# New here any one from Lancaster County, PA



## brightside (May 25, 2008)

Hey, I'm from CA, but I just wanted to say welcome to the forum!


----------



## mrsaber (May 31, 2008)

*New Here*

Hey, thanks, for the welcome. So what kind of riding do you do in California? I've had my horse for several years but have just now learned how to control him and ride. He knew more than I did so I had to take lessons on a lesson horse to overcome some fear that I had from lack of knowledge.
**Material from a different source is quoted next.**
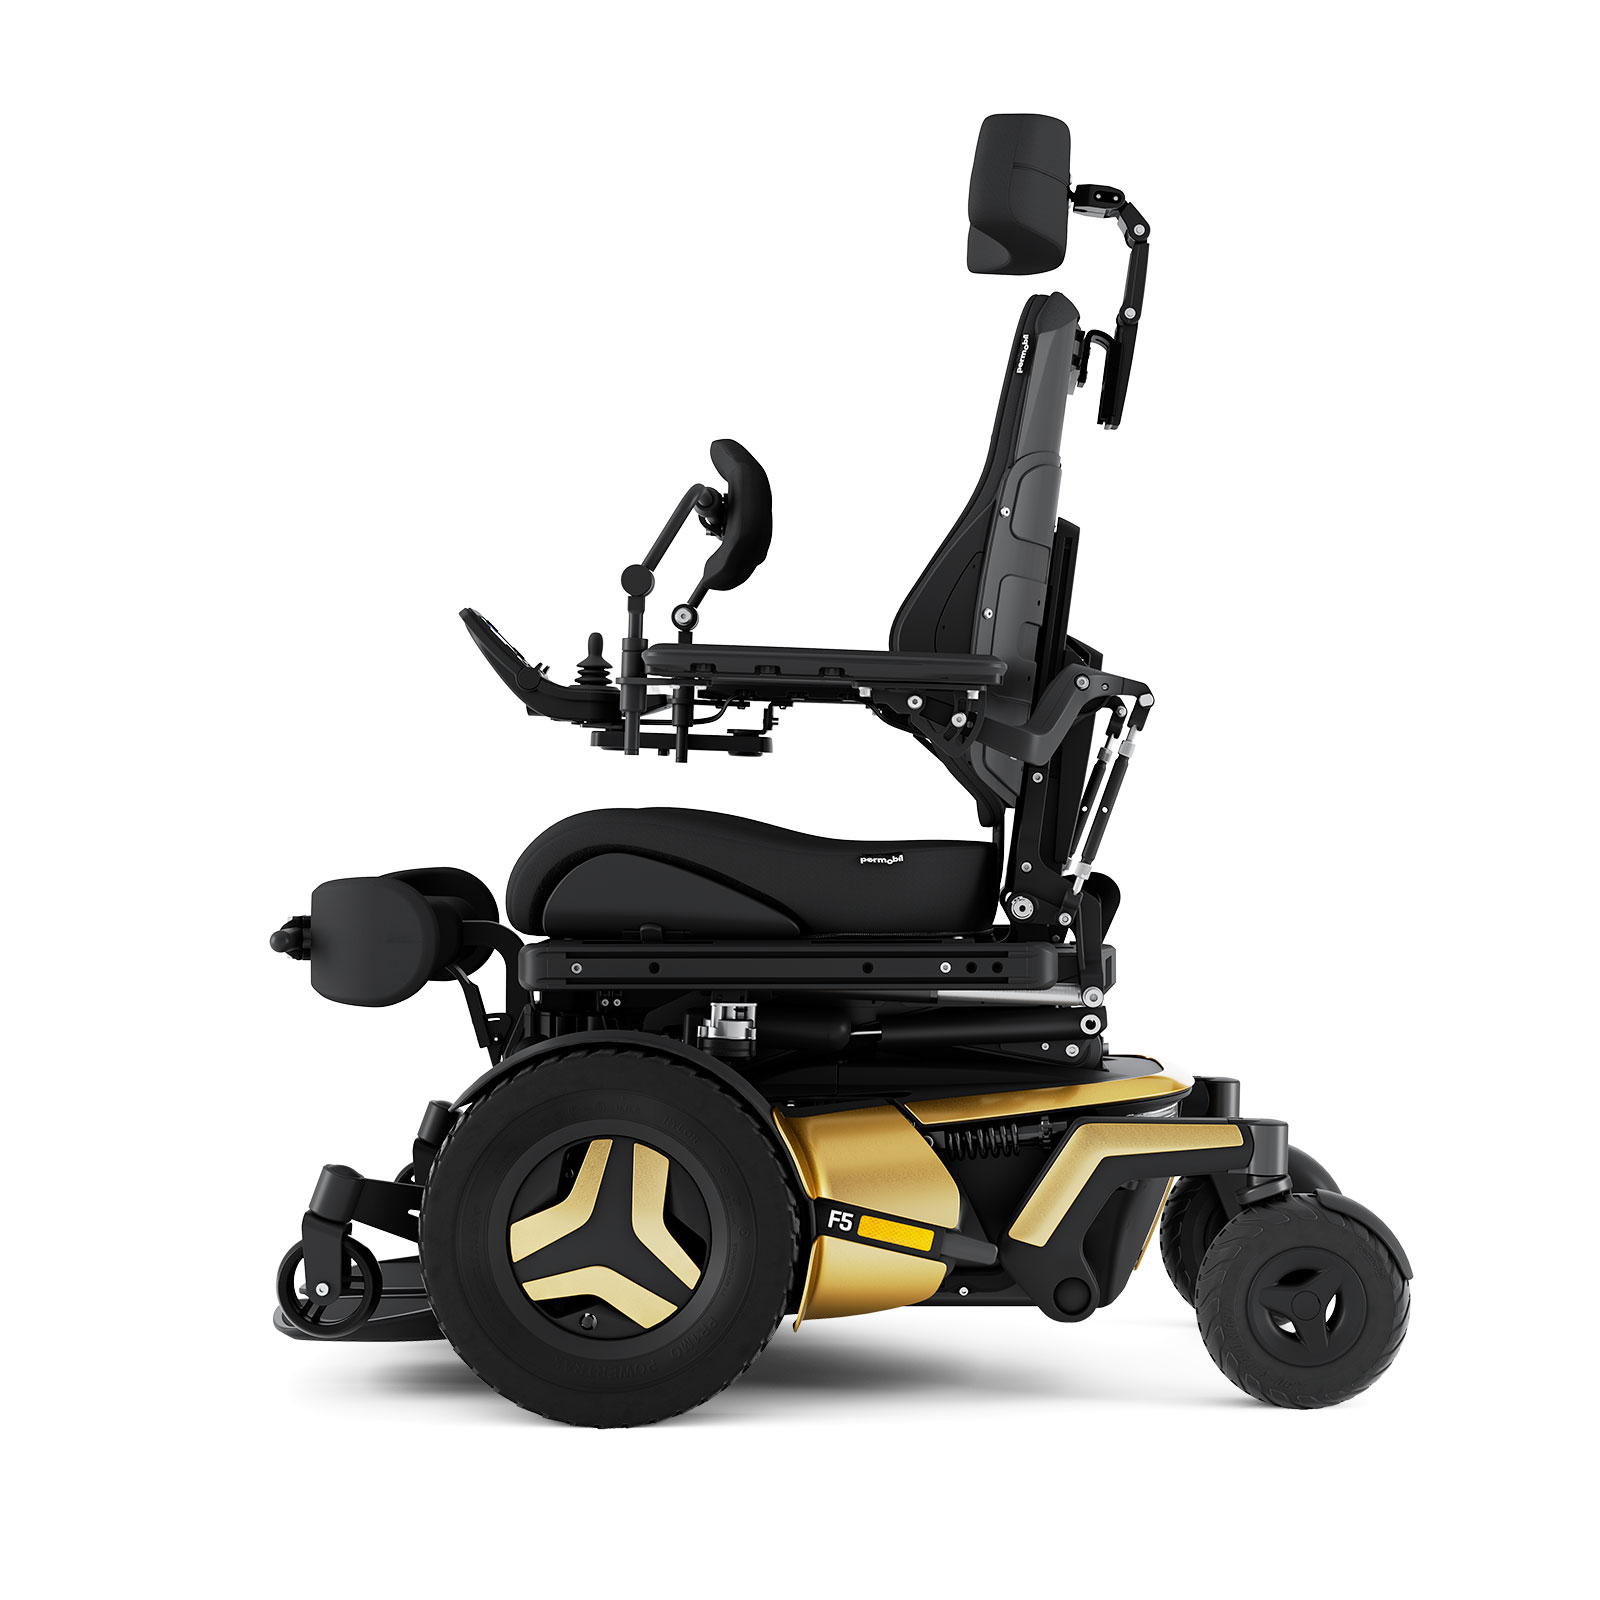 F5VS Corpus in gold in a standard seating position standing powerchair in suffolk

It's been a journey but well worth the time and effort.


----------



## buckaroo2010 (Nov 7, 2007)

Welcome!


----------



## PoptartShop (Jul 25, 2010)

Welcome to the Horse Forum! 
Have fun posting.


----------



## KANSAS_TWISTER (Feb 23, 2007)

hi and welcome to the horse forum!!!, hope you enjoy it as much as we do!!!, just wondering if you've gone trailing in vally forge yet?.


----------



## Rachluvshorses4eva (Apr 11, 2007)

Welcome to the HF! Have heaps of fun!


----------



## jiffers328 (May 29, 2008)

welcome!!


----------



## mrsaber (May 31, 2008)

*new here*

Thanks for the welcome Jiffers.


----------



## Jubilee Rose (May 28, 2008)

Hi and welcome to HF! I hope you have a great time!!


----------



## jiffers328 (May 29, 2008)

no problem!!
how do u like the forum so far??


----------



## mrsaber (May 31, 2008)

*reply to JIffers & everyone else*

Yes, I do like HF it's the best site I've found so far. It's nice to get replies and to know that someone has actually read your posting. Sure do wish I could find someone from PA or northern MD. Is your horse Arab & Quarter Horse mix? I have a Quarter Horse (gelding) and board a Arab (mare). I had heard that they were going to breed them together. Is he big like a Quarter Horse or smaller like and Arab?


----------



## buckaroo2010 (Nov 7, 2007)

Im really glad you are enjoying the forum!


----------